3. Modem AND Ethernet. All or nothing- I dump downloads onto a server on my home LAN and a crossover cable is far more useable than IRDA or lugging a zip drive.
4. Battery CAPACITY. My Pismo powerbook can ditch the DVD/CD drive module in favor of a second battery, if and when I need it. This has saved my ass many, many times! (forget the TiBook- and don't get me started on slot-loading drives in portables)
5. A responsive, reliable keyboard. Something that I can pick apart and clean if I need to. (the Pismo is a nightmare from this respect, but Apple seems to be sticking with the "wishbone suspension" on their portable keyboards....)
6. Any sort of Video Out. (fortunately, the pismo runs S-video and VGA out.
7. Audio out.
8. Millions of colors @ 1024x768. Bigger is better, but this usually means that the *case* gets bulkier, and who needs that?
9. Accessability. Upgrading laptops is a nightmare, and not recommended for amateurs.
Fortunately, one can run MacOS X or Classic MacOS on a Pismo, and I have a friend who's running DebianPPC on his Lombard (one model lower). Linux PPC installs, as does MKLinux.
My opinion? You want a Pismo or a Lombard powerbook. The only *real* differences between the two are that the Lombard has SCSI and the Pismo comes with Firewire and is slightly faster.
A quick features list:
14.5" LCD @ 1024x768, millions
VGA out, supports some wicked high resolutions as a second monitor
S-Video out, treated same as VGA.
2 USB ports
2 Firewire ports
Audio out
Audio in
Ethernet (10/100)
Modem (56k)
Expansion module comes with CD or CD/DVD drive, they make burner modules. And the expansion module can swallow a second battery.
I first used a Satellite system in Nicaragua a few years ago and we had Gateways, Dells, Sagers and Toshibas and the only ones we never had to send in were the Toshibas. All the other ones were real finicky about the abuse being dished upon them. We had lots of dust and humidity down there which was a real killer. The one I used had a crack down the backside of the monitor and still never gave me a problem. I am back in America now but still buy Satellite systems for their durability. I had a Vaio provided to me by work and proceeded to loose all my external port flaps and get a crack down front of the screen. Not to mention the fact that I never could get Win2k installed on it properly. The driver support was iffy. I am not nice to my laptop. It gets tossed in my bag which in turn gets slung, thrown, bounced and slid from here to kingdom come in my wanderings every day. The best part, as far as I am concerned, is the money aspect. I just bought a 700Mhz with 64MB Ram and a 8 GB HD from Circuit City about a month ago for $899. You can't beat it with a price like that. Also the pieces and parts are relatively inexpensive ($120 for a battery, $15 for another 64MB memory)
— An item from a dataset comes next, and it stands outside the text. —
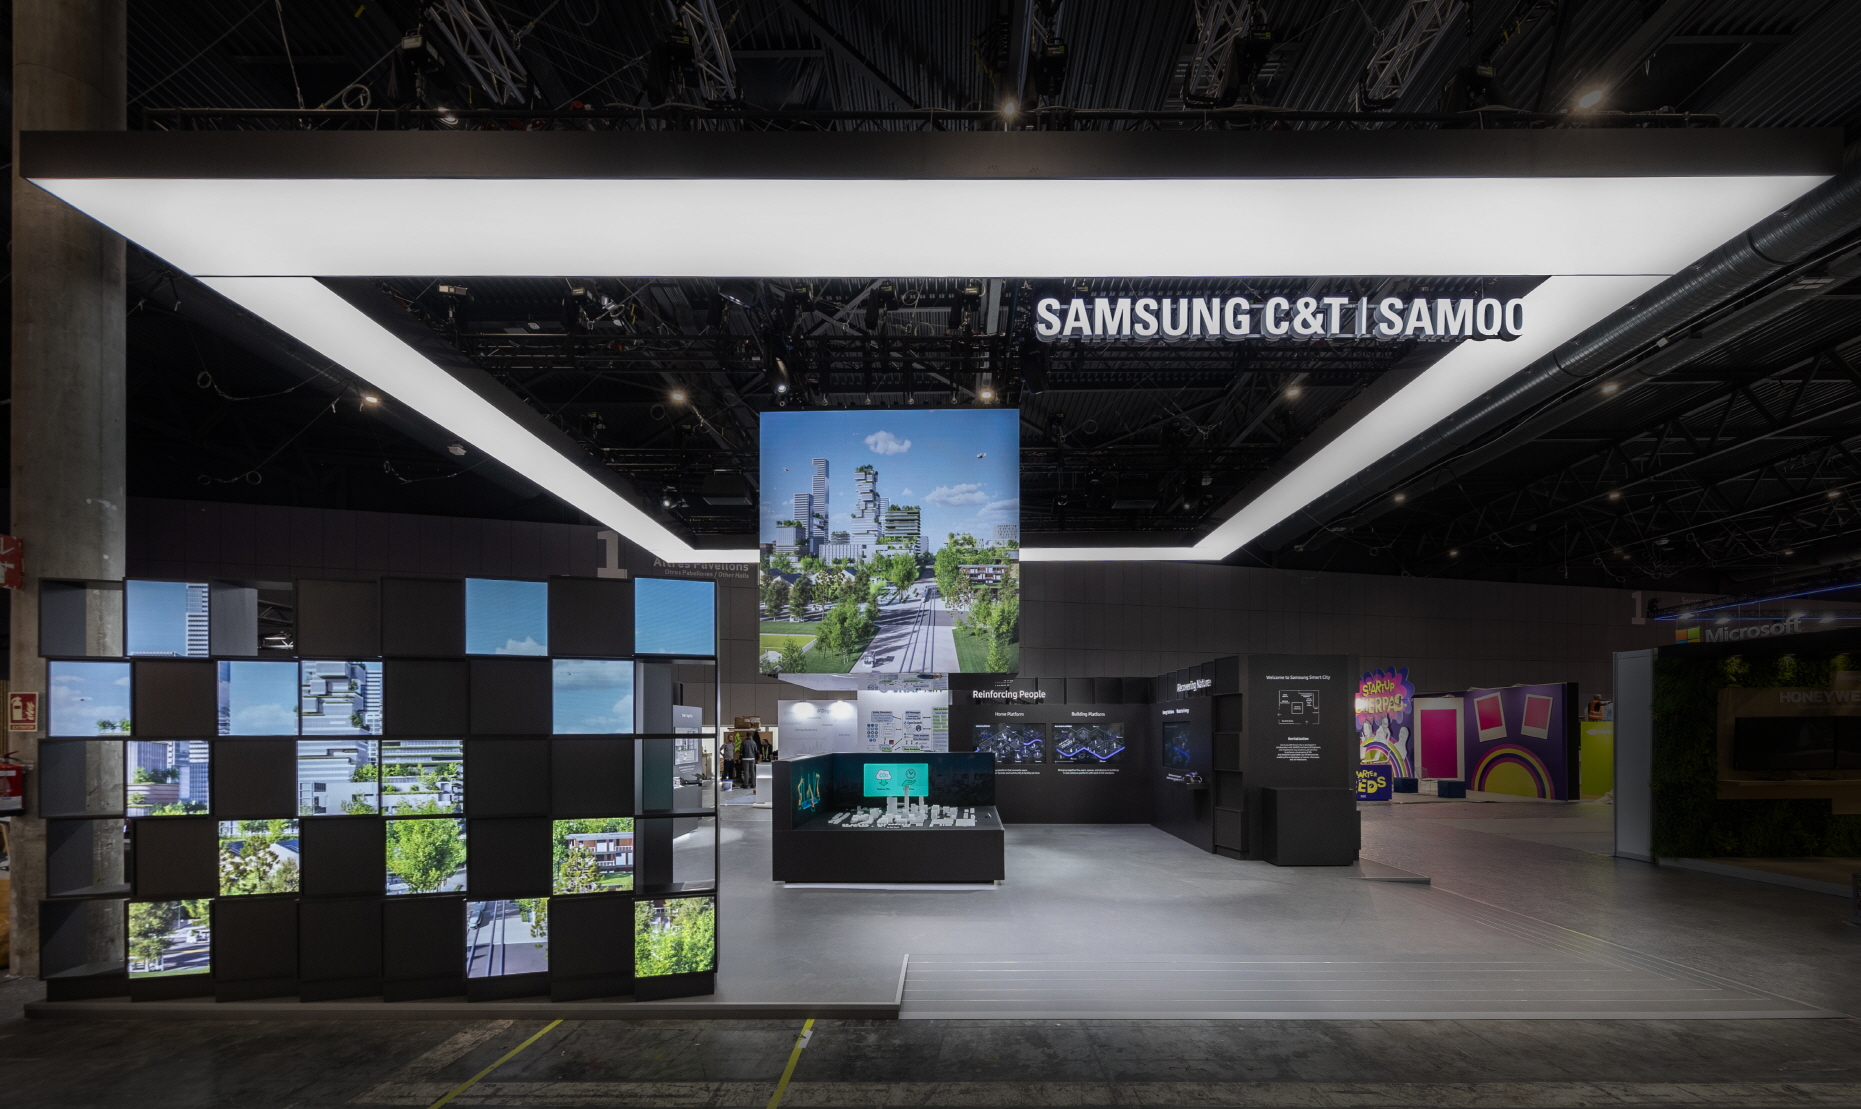 Samsung C&T’s exhibition booth at the 2023 Smart City Expo World Congress
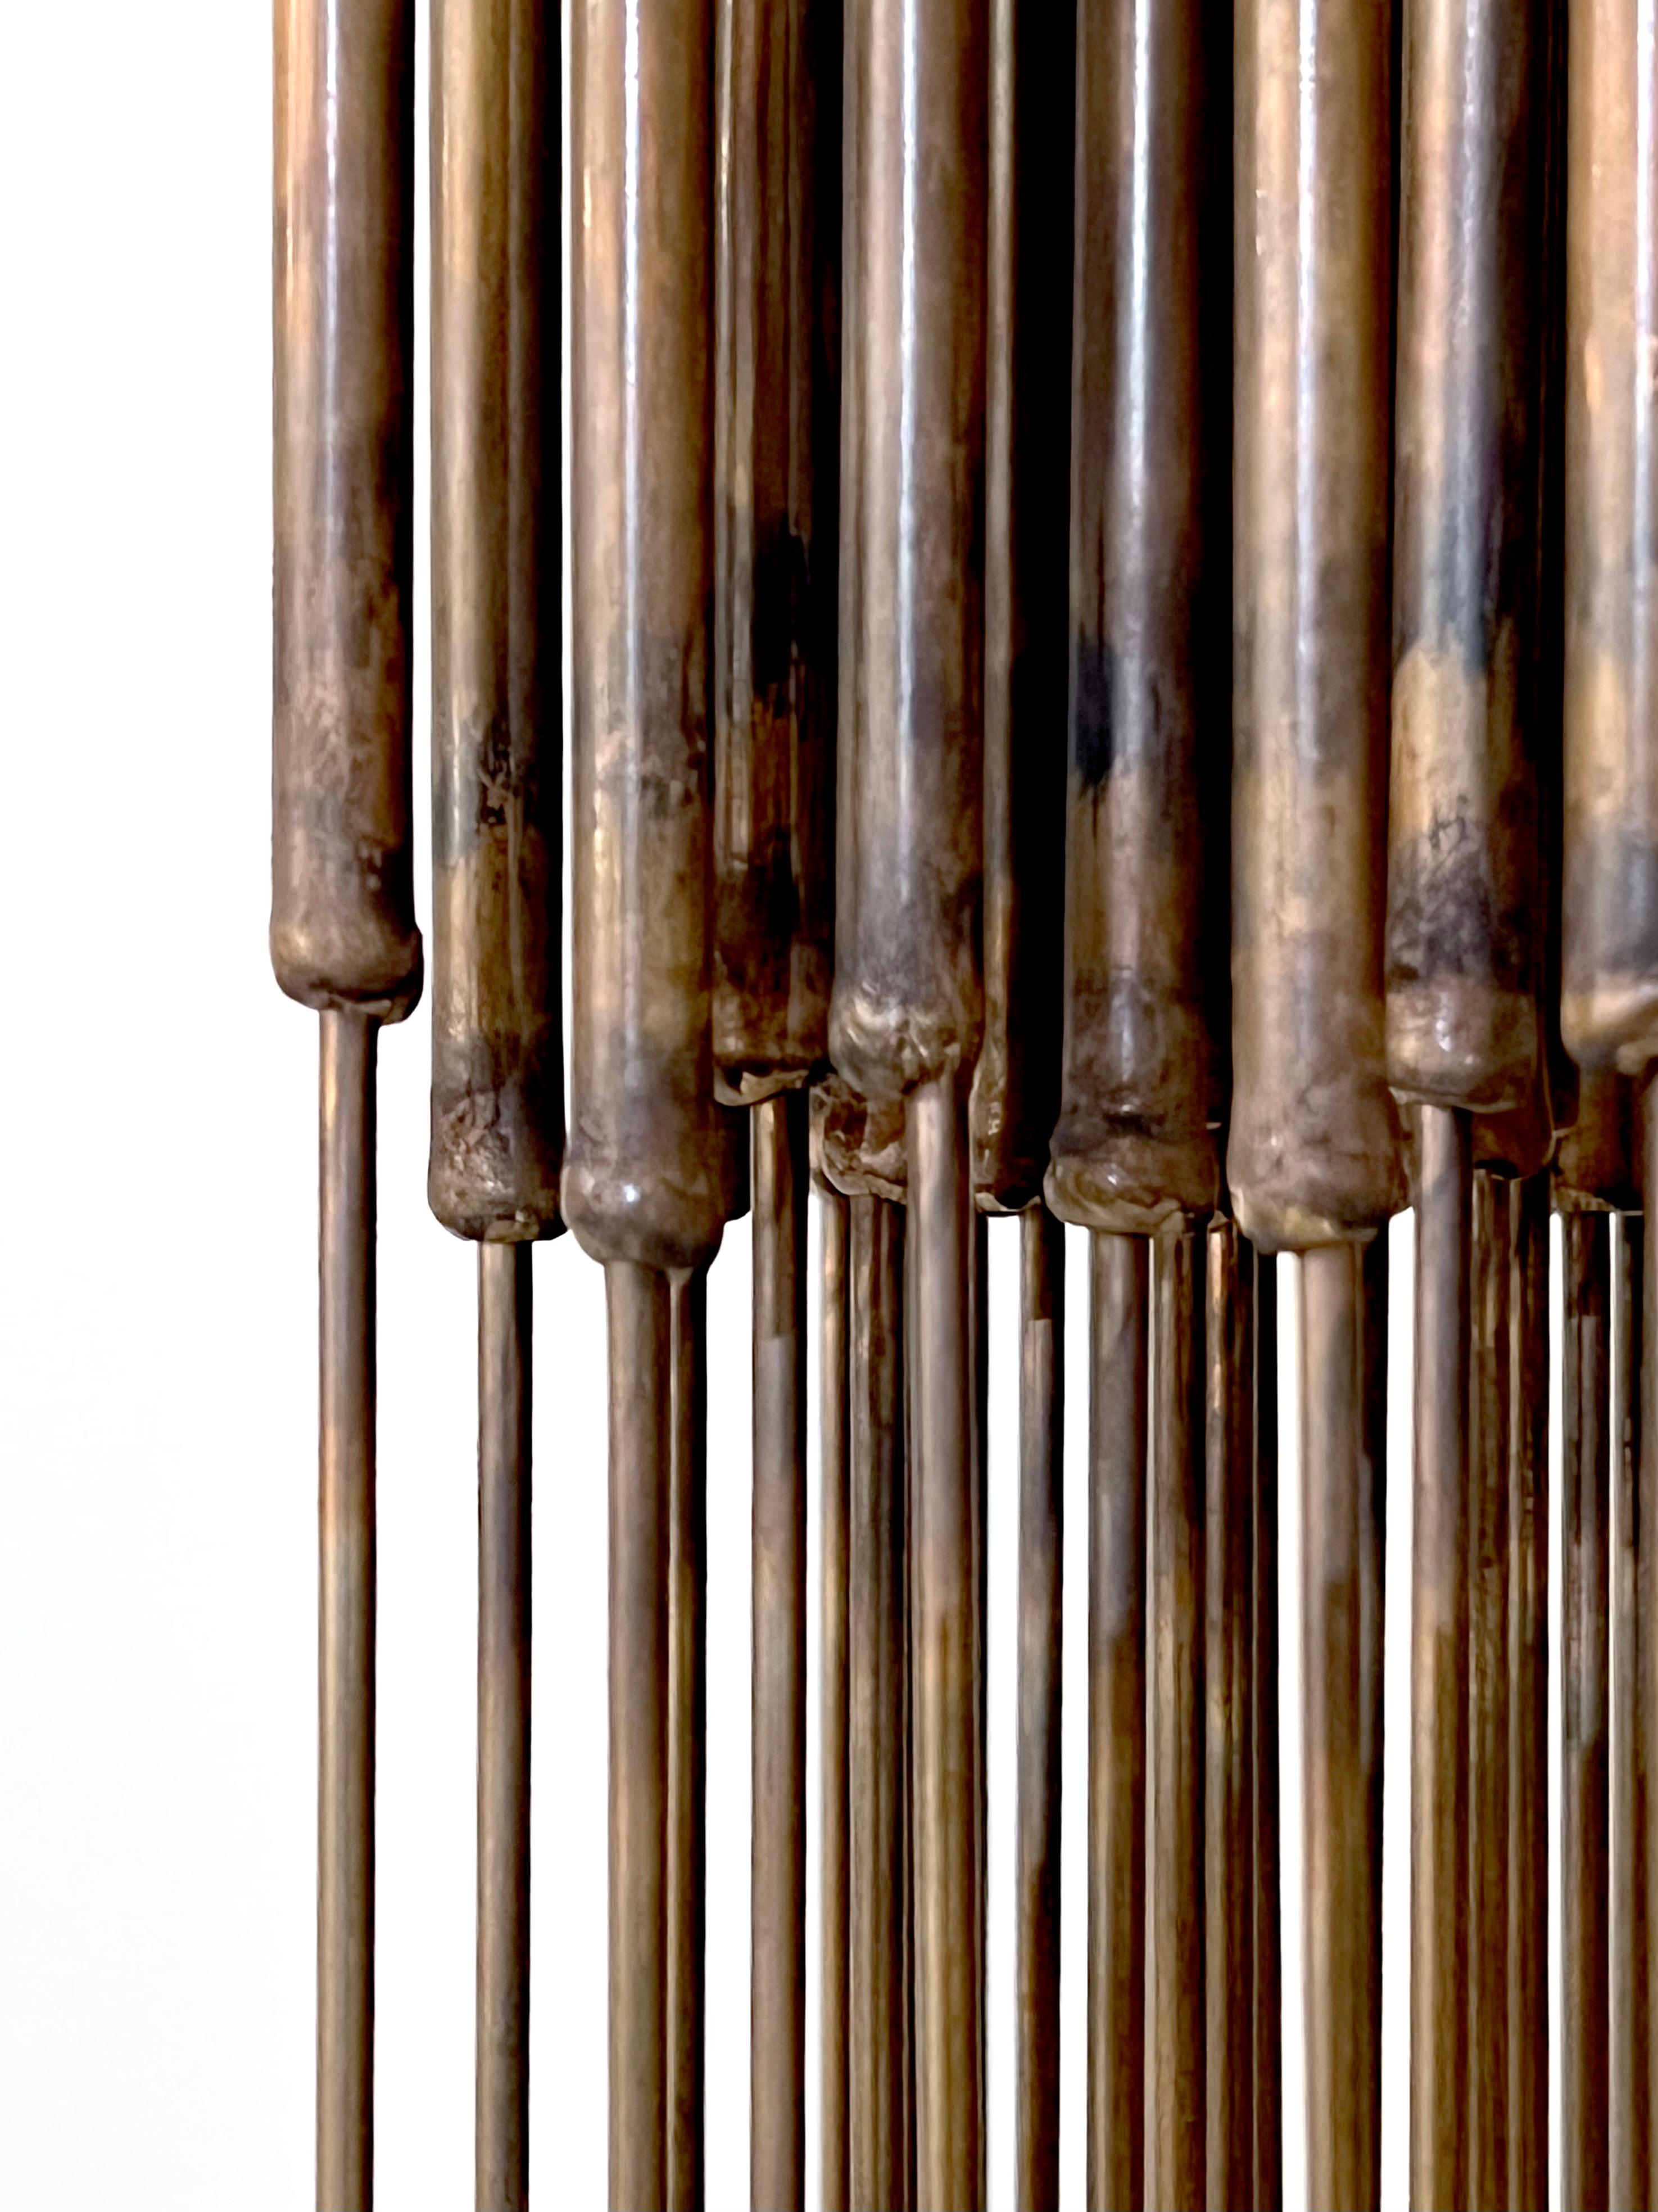 Sonambient Rods Sculpture by Harry Bertoia For Sale 4

There are two caveats, however.
1. They aren't the lightest laptops I've ever seen (allthough way lighter than the gargantua Dells I saw last week)
2. They aren't the fastest laptops even accounting for it's clock speed. Laptops always seem slow to me and Toshibas just a hair slower.
I am definitly an evangelist but that doesn't blind me to the facts. For my money Toshiba wins, until they start to suck.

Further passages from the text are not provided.